OPEC and its allies agree to keep pumping more oilOPEC and its allies agree to keep pumping more oil
Back up: The coalition has raised its output target each month since August by 400,000 barrels per day to meet a surge in demand driven by the global economic recovery from the pandemic.
That’s helped keep a lid on the price of oil, which is trading near $80 per barrel globally and $77 per barrel in the United States.
But an increase of that size is starting to look aspirational, complicating the price outlook, according to UBS strategist Giovanni Staunovo.
“With several OPEC+ countries already struggling to increase production, the effective increase may be considerably less,” he said in a note to clients.
See here: Staunovo emphasized that Azerbaijan, Angola, Congo and Nigeria have had problems boosting production in recent months and “have likely already hit their production capacity.”
Russia’s production in December was flat compared to the previous month. And while Saudi Arabia is permitted to pump almost 10.3 million barrels per day in February, that’s pushing the upper limit of what the kingdom generally churns out.
These limits on supply could keep oil prices elevated in 2022, Staunovo said.
As global demand for oil rockets even higher in the second half of the year, Paul Sheldon, an advisor at S&P Global Platts, sees an “uncomfortably thin market buffer” developing. That may make oil prices more vulnerable to political developments that could limit fresh supply, such as friction in Iran nuclear talks.

Biden’s $1 billion bet to make beef cheaper

This week, the Biden administration offered a solution to surging meat prices: an investment of $1 billion to boost competition in the industry and a promise to ramp up regulation and enforcement of anti-competition laws.
But some experts say the move is unlikely to offer immediate relief at the grocery store, my CNN Business colleagues Danielle Wiener-Bronner and Matt Egan report.
The administration’s investment is designed to spark competition in the meat processing industry, which is dominated by a small number of massive companies. The White House argues that the concentration in the sector is chiefly responsible for higher prices for consumers.
It’s true that the vast majority of the meat processing market is controlled by a few players. But that’s been the case for decades, said James Mitchell, an expert in agricultural economics at the University of Arkansas.
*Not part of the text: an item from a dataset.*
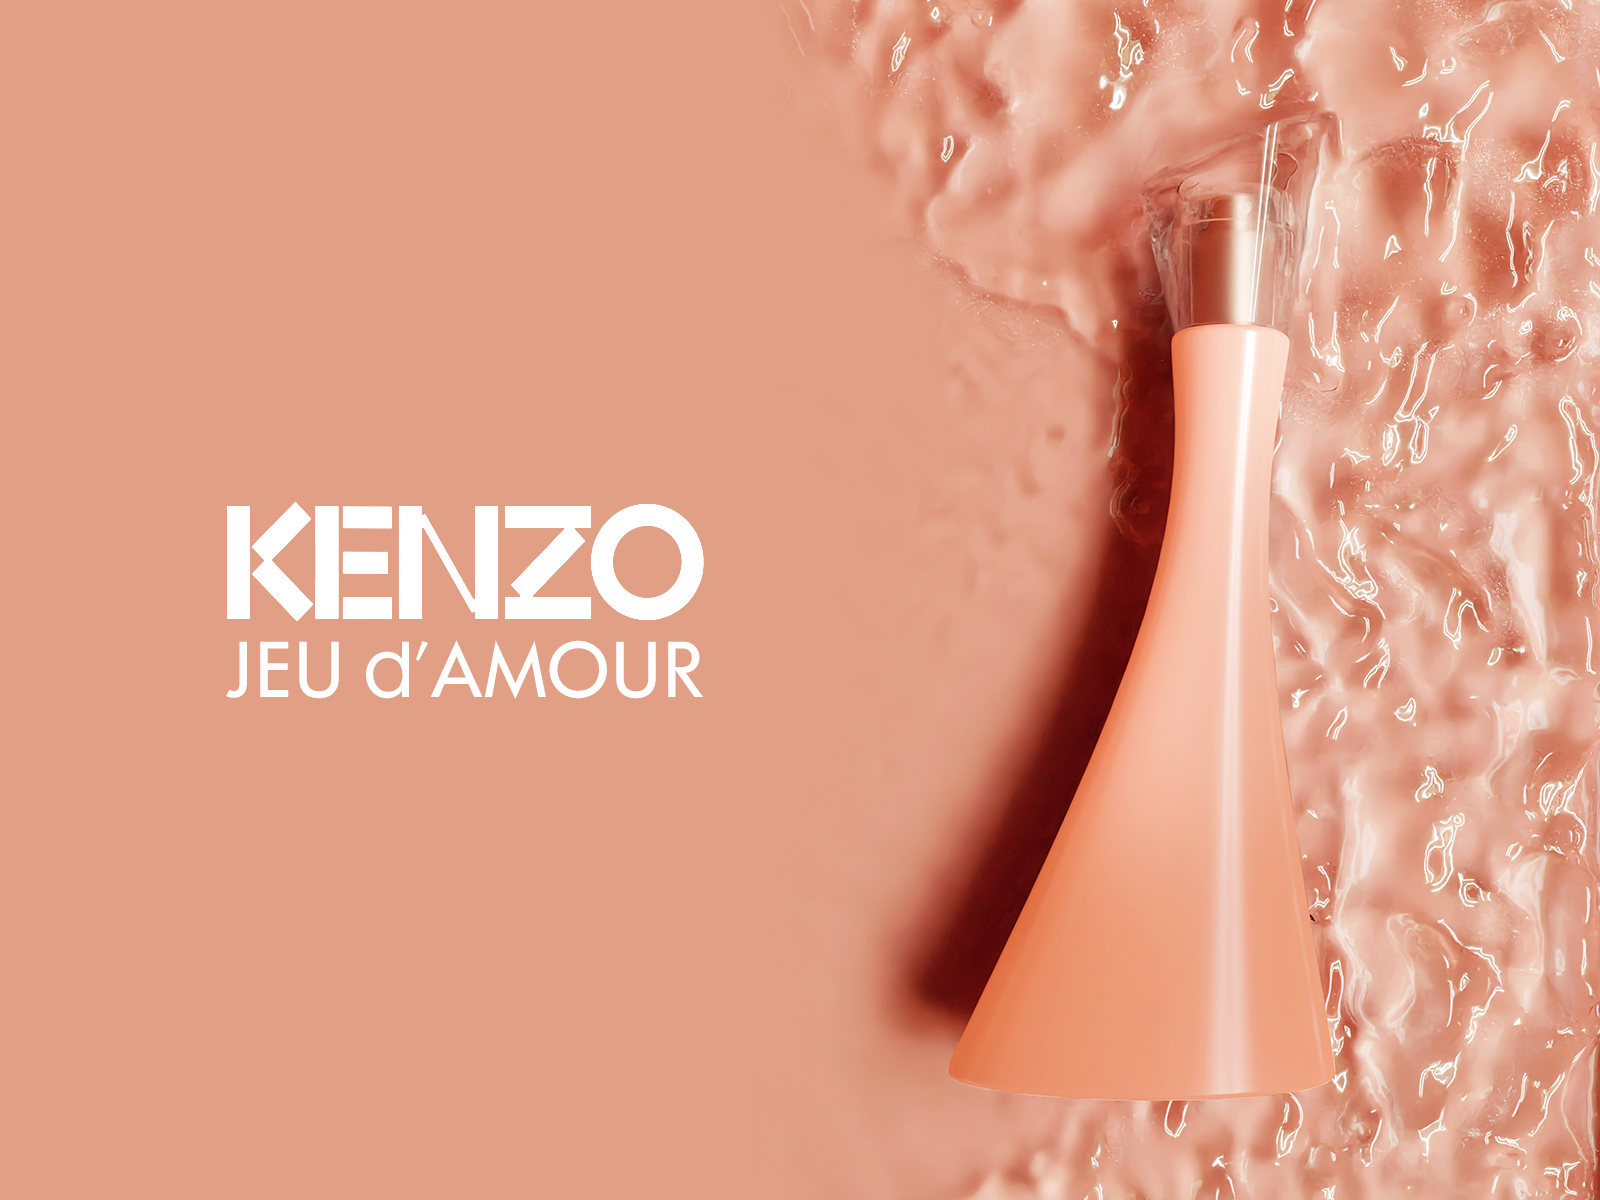 KENZO JEU d'AMOUR - Finished Projects - Blender Artists Community

“It’s been about the same for the last 20 years,” he said, arguing that consumers would have noticed price spikes well before 2020 if the highly concentrated industry was to blame.
Instead, Mitchell said, recent price spikes are largely the result of the same pressures contributing to inflation in other sectors: labor shortages and supply chain issues. Beef prices in November were up 20.9% from a year earlier, according to US data.
The recipients of the White House’s investment “are still going to face the same labor issues,” he added. “So that’s not necessarily going to change or fix the cost issue that consumers are facing.”
The ADP employment report arrives at 8:15 a.m. ET and will tee up official US jobs data for December coming Friday.
Also today: Minutes from the Fed’s latest meeting post at 2 p.m. ET.
Coming tomorrow: Will weekly US jobless claims hold near a 52-year low?